Protein Biomarker Research in UK Hospital Clinical Biochemistry Laboratories: A Survey of Current Practice and Views

Abstract

Background: With the increasing drive for more and better disease biomarkers to underpin the stratified or personalised medicine agenda, clinical biochemistry laboratories should be ideally placed to play a major role in their translation into clinical practice. However, little is known about the current extent of biomarker-related research activity in UK National Health Service clinical biochemistry departments.

Methods: In December 2010, an online questionnaire was sent to active UK members of the Association for Clinical Biochemistry (ACB) to determine the extent of their current research activity and involvement in protein biomarker discovery and translation, including an assessment of the awareness of proteomics.

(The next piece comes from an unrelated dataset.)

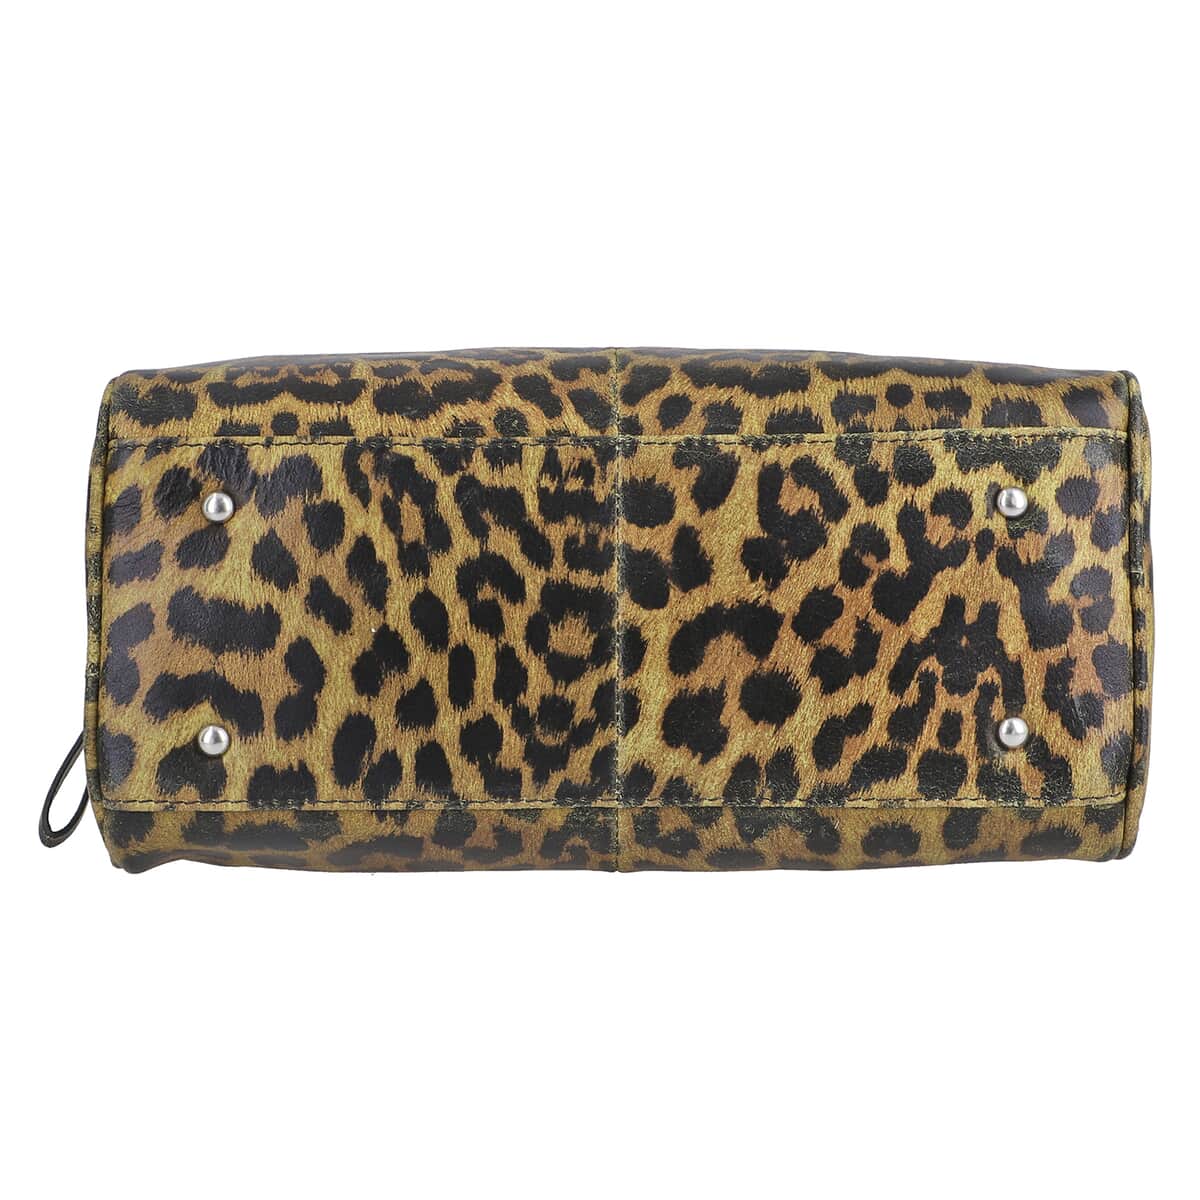 Tan and Black Leopard Foiled Pattern Genuine Leather Shoulder Bag with Adjustable Strap image number 5

Results: A total of 198 eligible responses (19% response rate) was received from across the UK. Of a further 50 eligible people who responded to a follow-up for initial non-responders, most cited insufficient knowledge about the topic as the reason for non-response (24% total response rate). The results illustrate the highly skilled nature of the workforce with many having experience in a research environment (75%) with postgraduate qualifications. However, more than half spend <10% of their time undertaking research in their current role, and many (61%) would like to be more research active. Encouragingly, approximately a third were involved in biomarker discovery activities, even though for <10% of their time, with slightly more reporting involvement in biomarker translation.

Conclusions: Although there are people with the necessary skills and desire to be involved in biomarker research in clinical biochemistry departments, their involvement is small, predominantly due to issues with capacity and resources. It is likely that the majority of biomarker programmes will therefore continue to be carried out by a small number of academic groups, hopefully with collaborative input from hospital laboratories.

Figure 1.

The biomarker pipeline. Following the selection of suitable clinical samples to answer a clinical question, the biomarker discovery stage begins. This can include some of the ‘omic’ technologies and usually multiple platforms are used. Candidate biomarkers are then chosen for their novelty and relevance and validated by independent methods such as antibody arrays, multiple reaction monitoring or ELISA. This follows with the development and validation of biomarker assays and qualification of the biomarker for its intended clinical endpoint. The clinical evaluation phase includes clinical trials prior to translation into clinical practice. Throughout the pipeline the number of samples required for testing increases and the number of biomarkers in the pipeline decreases.

Figure 2.

Experience. Period of time (years) respondents have worked in a diagnostic laboratory (dark shading) versus years in a research laboratory during previous employment (light shading).

Figure 3.

Roles and research time. (a) The role of clinical biochemistry currently (dark shading) and what the future role of clinical biochemistry should be (light shading). Since respondents could choose any number of statements the data is shown as percentage of respondents who selected each possibility. (b) Percentage time spent on research in current position.

Figure 4.

Experience of proteomic techniques. (a) In a diagnostic laboratory (b) In previous research employment. Respondents who had never worked in a research laboratory are excluded in the calculation of % respondents in (b). Key: 1D-GE = 1D-gel electrophoresis; 2D-GE = 2D-gel electrophoresis; TMS = tandem mass spectrometry; MRM = multiple reaction monitoring; MALDI = matrix-assisted laser desorption/ionisation mass spectrometry; SELDI = surface-enhanced laser desorption/ionisation mass spectrometry; HPLC = HPLC for protein purification; Protein array = protein array technology.